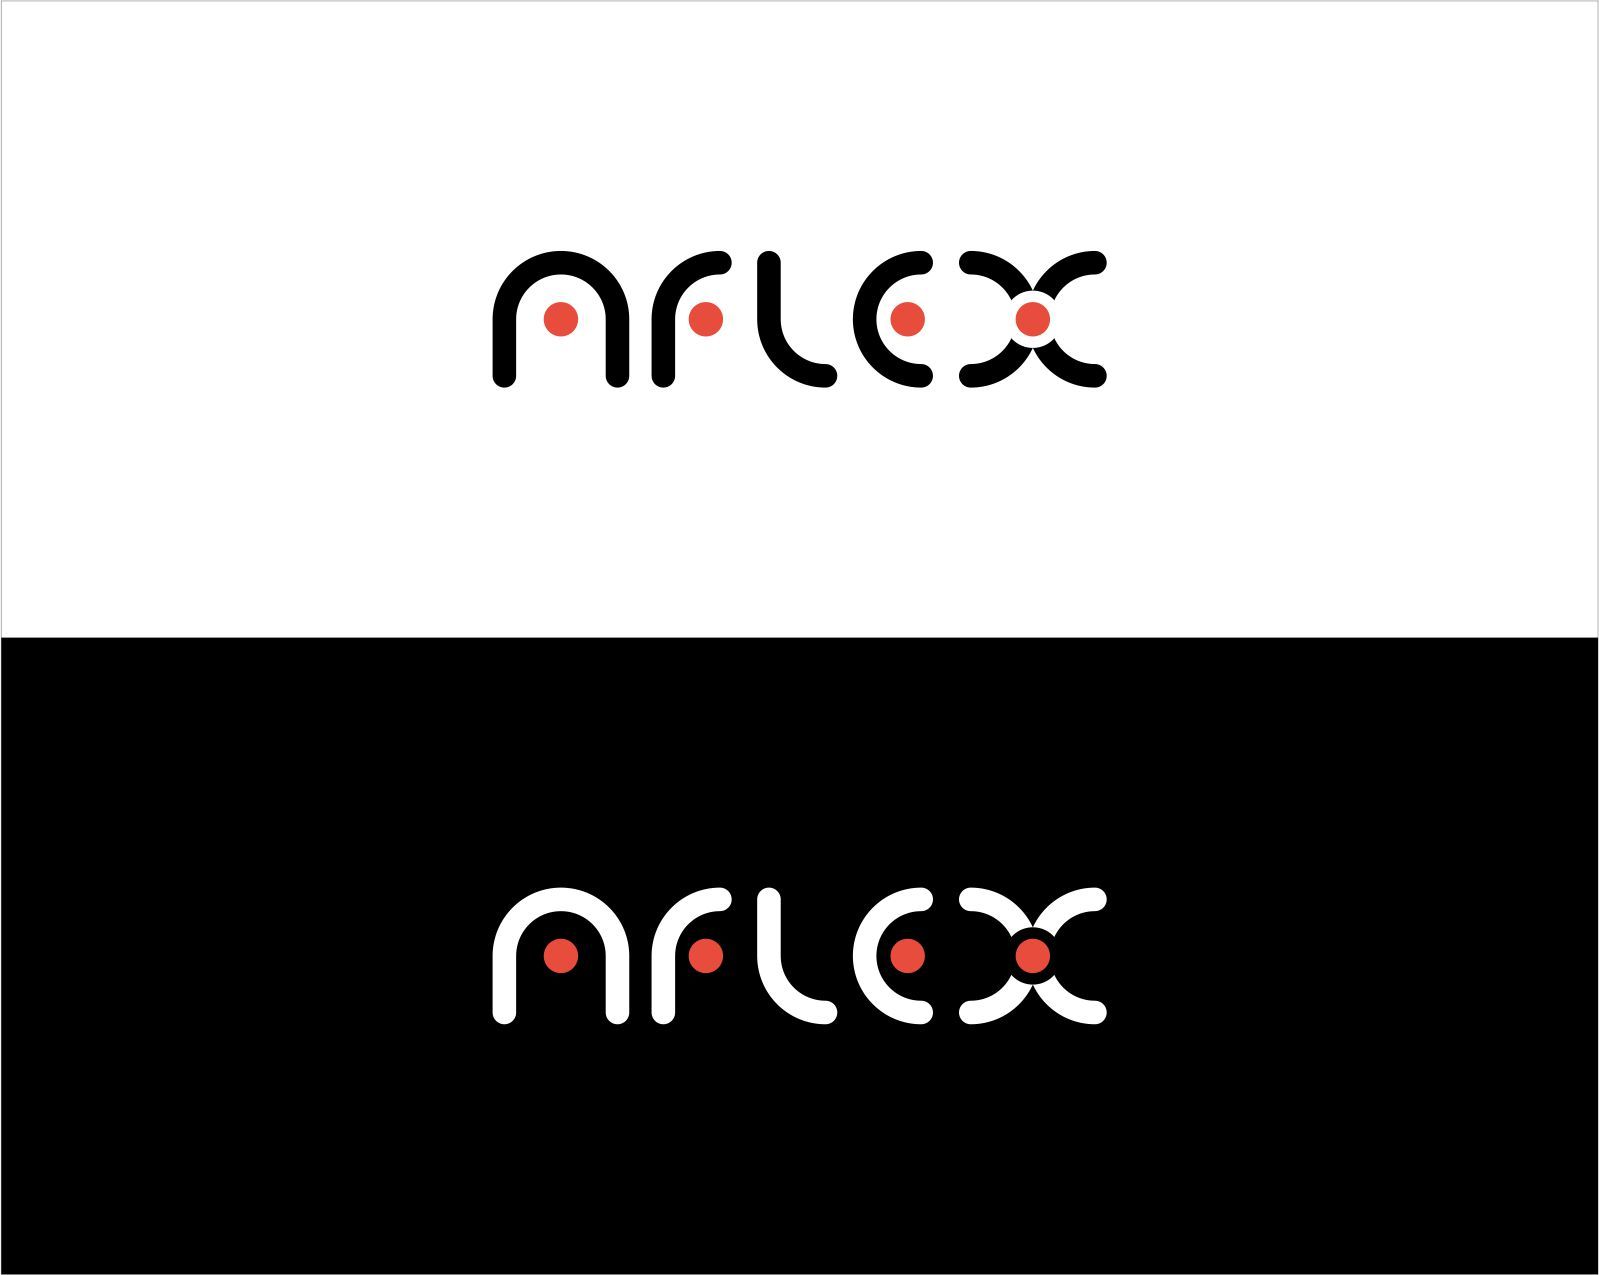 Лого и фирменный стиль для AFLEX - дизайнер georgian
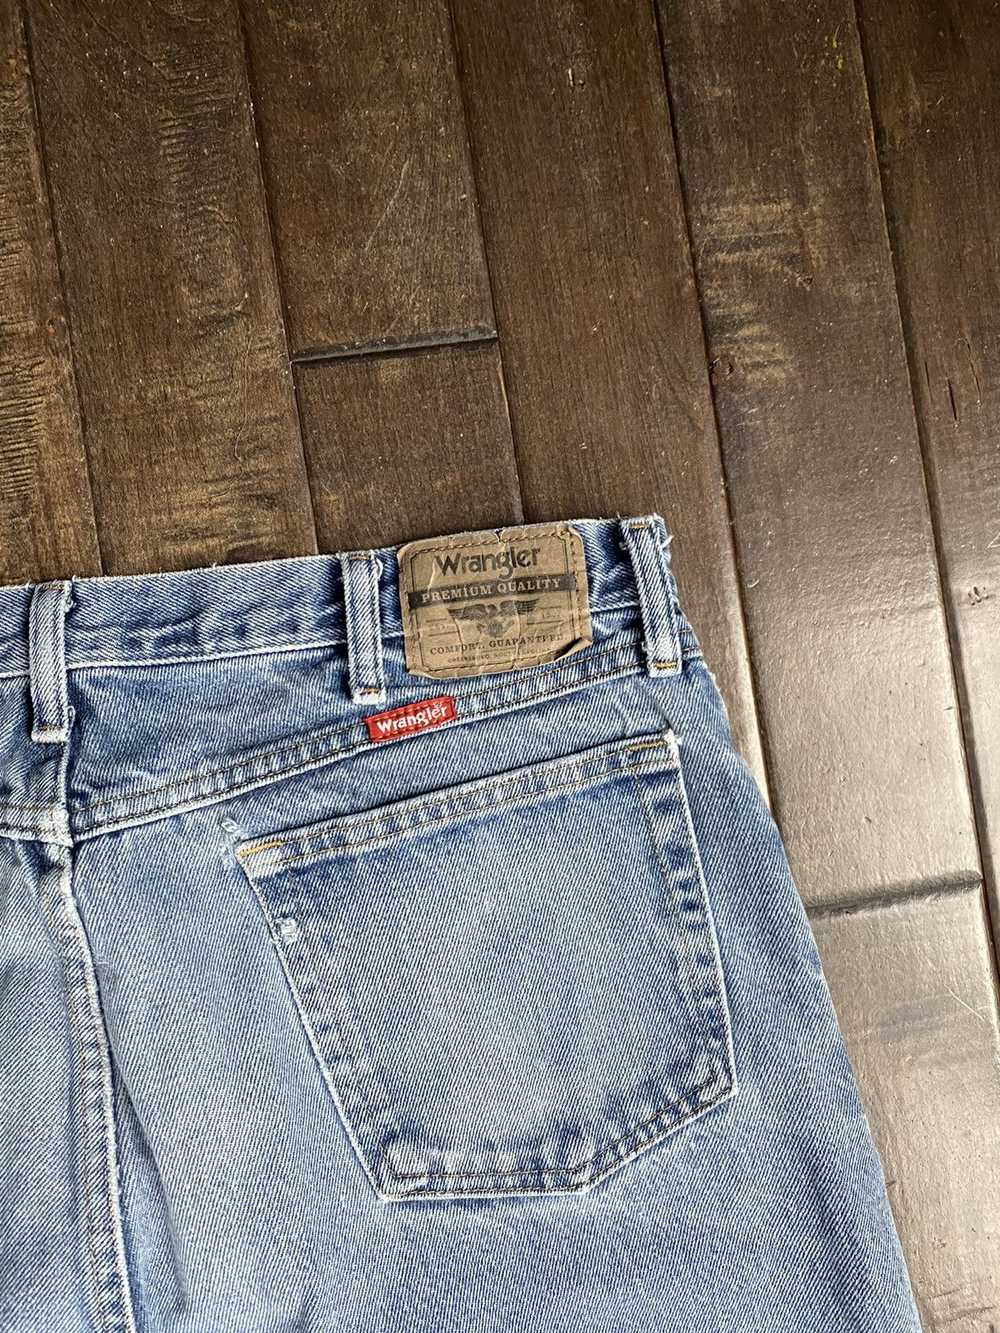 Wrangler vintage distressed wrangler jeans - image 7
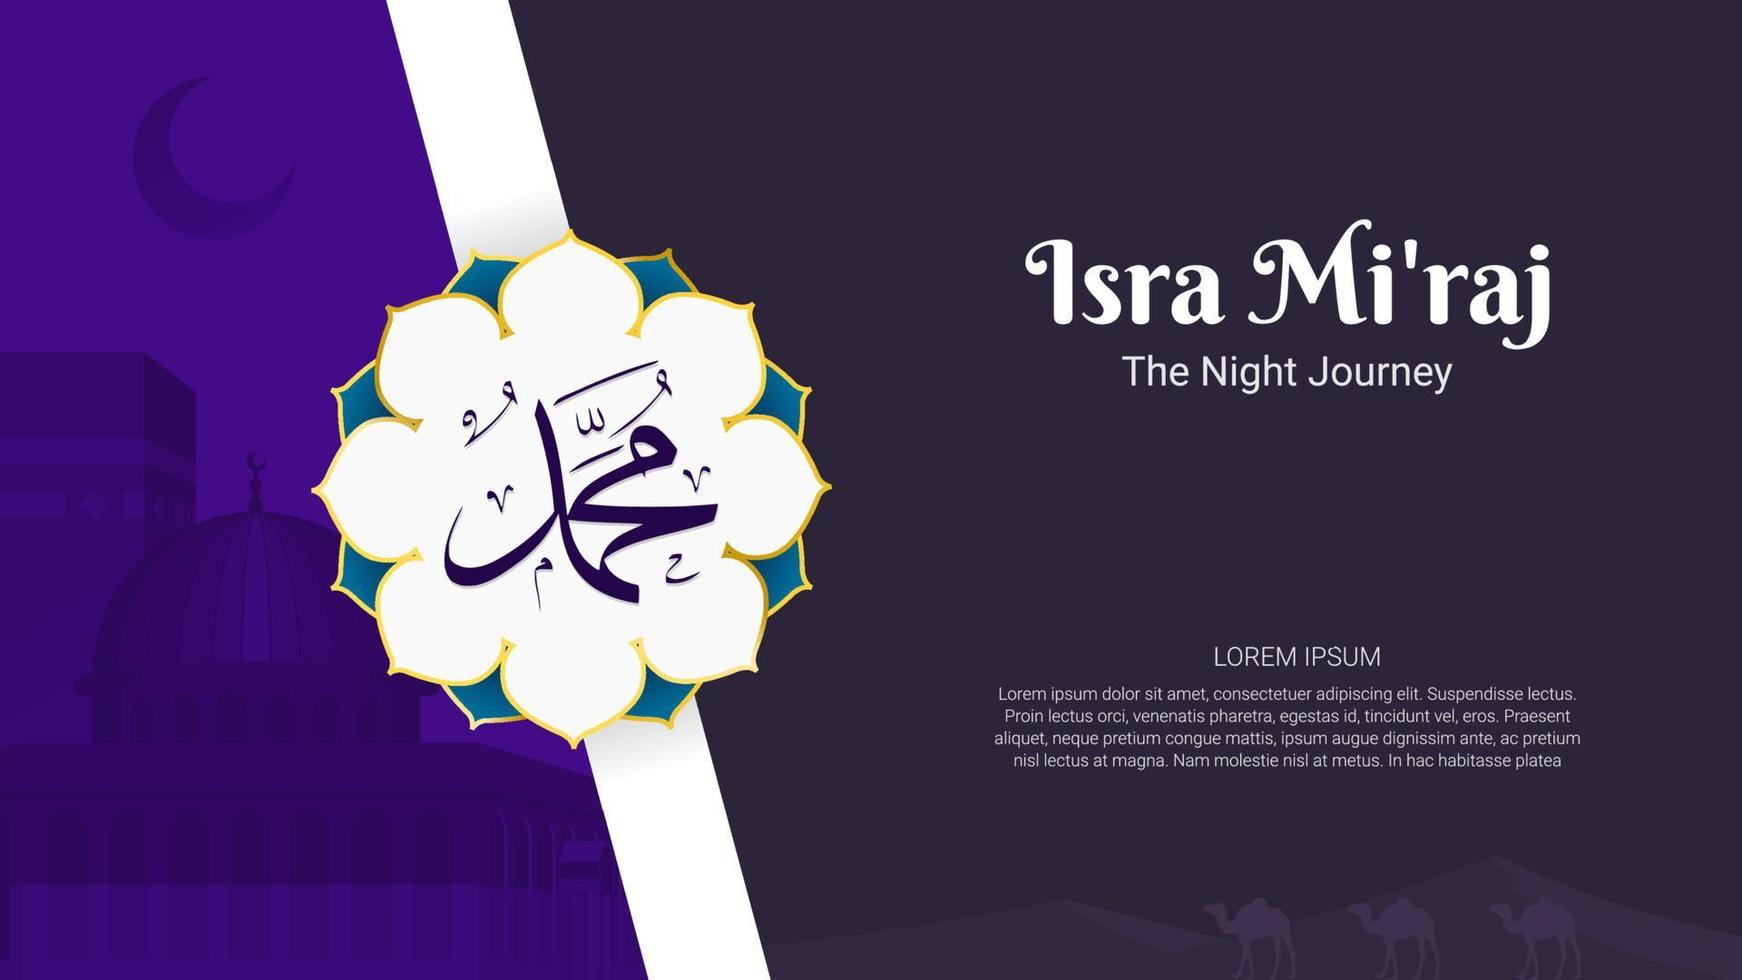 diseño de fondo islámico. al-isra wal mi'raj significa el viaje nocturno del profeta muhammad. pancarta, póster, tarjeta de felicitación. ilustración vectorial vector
-- -- --
**What this task involves**
Omitting the images, copy the listing exactly.

**Answer area**
 Лого и фирменный стиль для AFLEX - дизайнер georgian
 Wrangler vintage distressed wrangler jeans - image 7
 diseño de fondo islámico. al-isra wal mi'raj significa el viaje nocturno del profeta muhammad. pancarta, póster, tarjeta de felicitación. ilustración vectorial vector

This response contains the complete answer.